俺がこの話を聞いたのは、高校を卒業して、数年が経った頃だ。俺の同級生だった雄二と、街で偶然再会した。
「お前さ、高校の時に変な女に絡まれたこと、覚えてるか?」
そう聞くと、雄二は、一瞬、遠い昔を思い出すような顔をした後、
「ああ、覚えてるよ。あの時、お前らが助けてくれなかったら、俺、どうなってたか分からないな」
そう言って、笑った。
「そうだよな。でも、お前さ、その時、顔に怪我とかなかったよな?」
「ああ、もちろん。俺は無傷だよ」
雄二は、不思議そうに首を傾げた。
「だよな……」
俺は、それ以上は何も言えなかった。
なぜなら、俺が知っている話と、雄二が覚えている話には、決定的な食い違いがあったからだ。

俺たちの絶叫で、雄二は顔を拭くのをやめた。そのはずだった。だが、俺は、その時、確かに見たのだ。すり替えられたタオルを、雄二が、一瞬だけ、顔に押し当てていたのを。その時の雄二の顔は、苦痛に歪んでいた。そして、タオルを顔から離した時、雄二の頬には、赤い血が滲んでいた。俺たちは、咄嗟にそれを隠し、雄二には、「何も起こらなかった」と伝えた。

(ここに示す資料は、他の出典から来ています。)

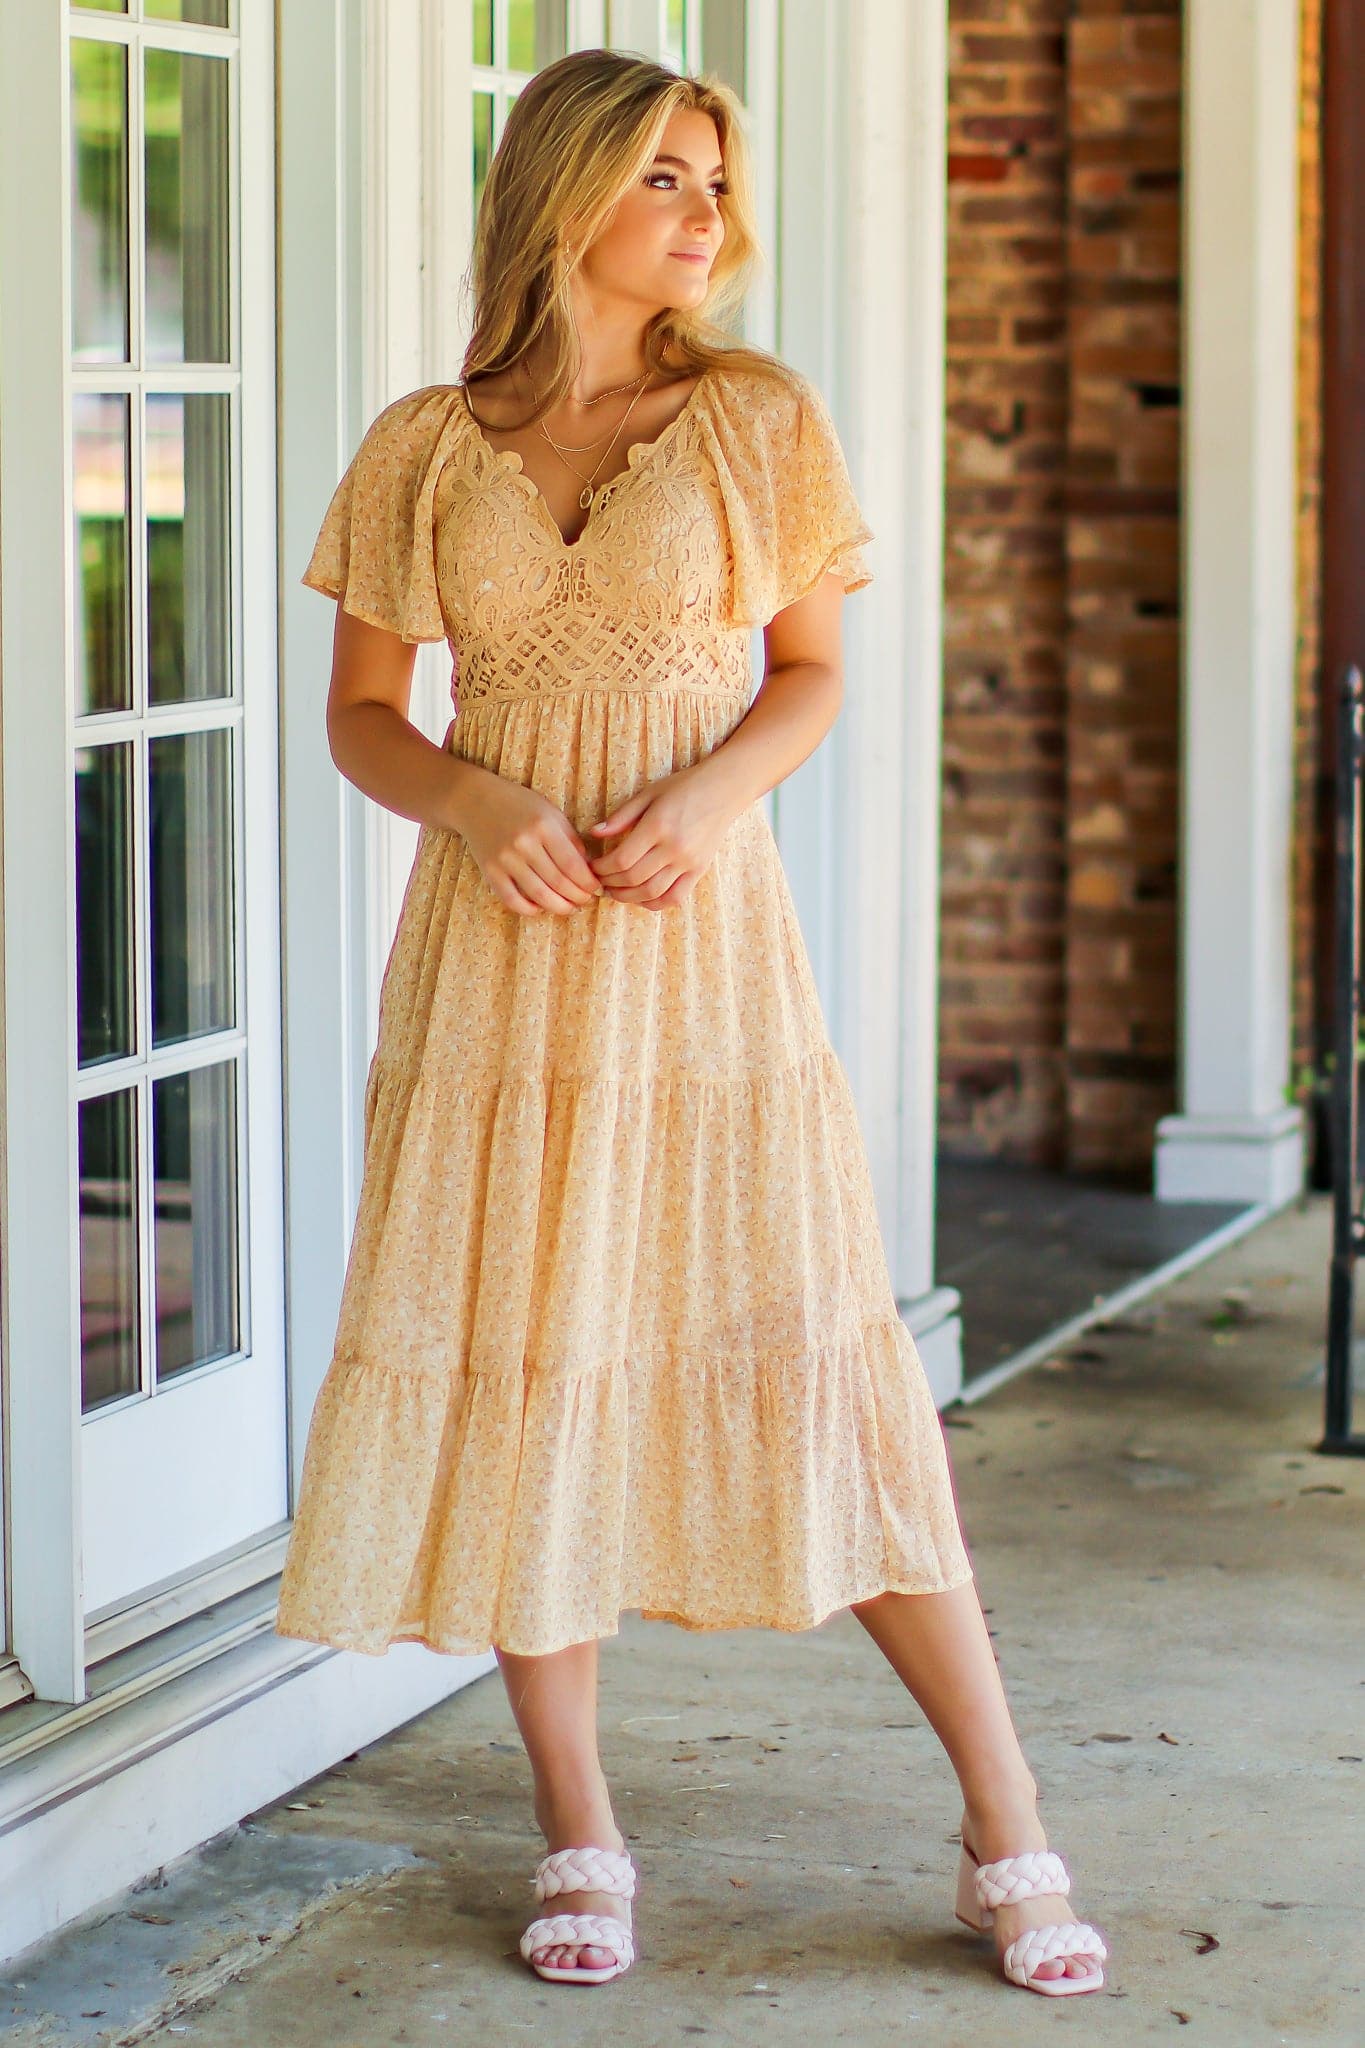  Wishful Dreams Crochet Lace Floral Dress - FINAL SALE - Madison and Mallory

そうしなければ、雄二の精神が、壊れてしまうのではないかと、俺たちは怖かったのだ。

だが、雄二は、そのことを全く覚えていなかった。俺は、雄二が嘘を言っているようには見えなかった。本当に、その時の記憶が、すっぽりと抜け落ちているようだった。

「雄二、お前さ、最近、何か変なこと、ないか?」
俺の問いに、雄二は、にこやかに答えた。
「変なことって、なんだよ。俺は元気だよ」
そう言って、雄二は、俺の顔を、じっと見つめた。その目には、確かに、あの日の女と同じ、虚ろな光が宿っていた。そして、雄二は、俺の耳元で、囁いた。

「ところでさ、お前の顔に、なんか、赤い点々がいっぱい、ついてるぜ……」

俺は、一歩後ずさり、雄二から距離をとった。雄二は、そのまま、俺の顔をじっと見つめながら、不気味な笑みを浮かべていた。

「なあ、お前、最近、よく、ジロジロ見られてるだろ……」

俺の背筋を、冷たい汗が伝った。

「なあ……」

雄二の、その言葉が、俺の耳から、離れない。

俺は、雄二の顔から目を逸らすことができなかった。雄二の目には、確かに、あの女と同じ、奇妙な光が宿っていた。そして、その光は、俺の心臓を、鷲掴みにしたまま、離そうとしなかった。

俺は、あの日のことを、誰にも話すことができなかった。
あの日の出来事を、雄二は、忘れてしまった。
そして、その「忘れられた記憶」は、俺の中に、まるで呪いのように、こびりついている。

いつか、俺の顔にも、赤い点が、浮かび上がるのだろうか。
俺もまた、あの女のように、誰かのことを、毎日、毎日、見つめるようになるのだろうか。

俺は、自分の顔を、鏡で見ることが、できなくなった。